Filter the records for lines holding the string "with".

Dataset records
+ + + + +

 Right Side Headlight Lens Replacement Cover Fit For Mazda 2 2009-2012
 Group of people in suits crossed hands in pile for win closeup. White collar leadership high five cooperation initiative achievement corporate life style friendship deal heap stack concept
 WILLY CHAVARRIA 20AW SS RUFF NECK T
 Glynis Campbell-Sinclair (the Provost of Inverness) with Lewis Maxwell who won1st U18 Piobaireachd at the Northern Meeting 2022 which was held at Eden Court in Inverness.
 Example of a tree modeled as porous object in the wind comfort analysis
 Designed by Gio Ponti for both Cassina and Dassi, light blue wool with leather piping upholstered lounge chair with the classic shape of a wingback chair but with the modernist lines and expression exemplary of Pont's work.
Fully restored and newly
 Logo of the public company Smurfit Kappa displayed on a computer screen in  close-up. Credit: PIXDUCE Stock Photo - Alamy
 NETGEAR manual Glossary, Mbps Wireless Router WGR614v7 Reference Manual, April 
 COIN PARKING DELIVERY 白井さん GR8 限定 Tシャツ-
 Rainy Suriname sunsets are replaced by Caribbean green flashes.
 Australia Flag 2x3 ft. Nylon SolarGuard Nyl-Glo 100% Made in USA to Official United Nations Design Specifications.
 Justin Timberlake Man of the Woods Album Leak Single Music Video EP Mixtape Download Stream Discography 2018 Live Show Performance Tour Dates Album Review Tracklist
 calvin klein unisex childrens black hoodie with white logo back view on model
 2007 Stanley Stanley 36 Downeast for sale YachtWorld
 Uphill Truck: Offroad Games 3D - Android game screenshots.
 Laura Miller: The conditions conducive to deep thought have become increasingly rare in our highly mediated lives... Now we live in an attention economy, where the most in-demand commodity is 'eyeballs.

+ + + + +

# Answer section:
 Glynis Campbell-Sinclair (the Provost of Inverness) with Lewis Maxwell who won1st U18 Piobaireachd at the Northern Meeting 2022 which was held at Eden Court in Inverness.
 Designed by Gio Ponti for both Cassina and Dassi, light blue wool with leather piping upholstered lounge chair with the classic shape of a wingback chair but with the modernist lines and expression exemplary of Pont's work.
 calvin klein unisex childrens black hoodie with white logo back view on model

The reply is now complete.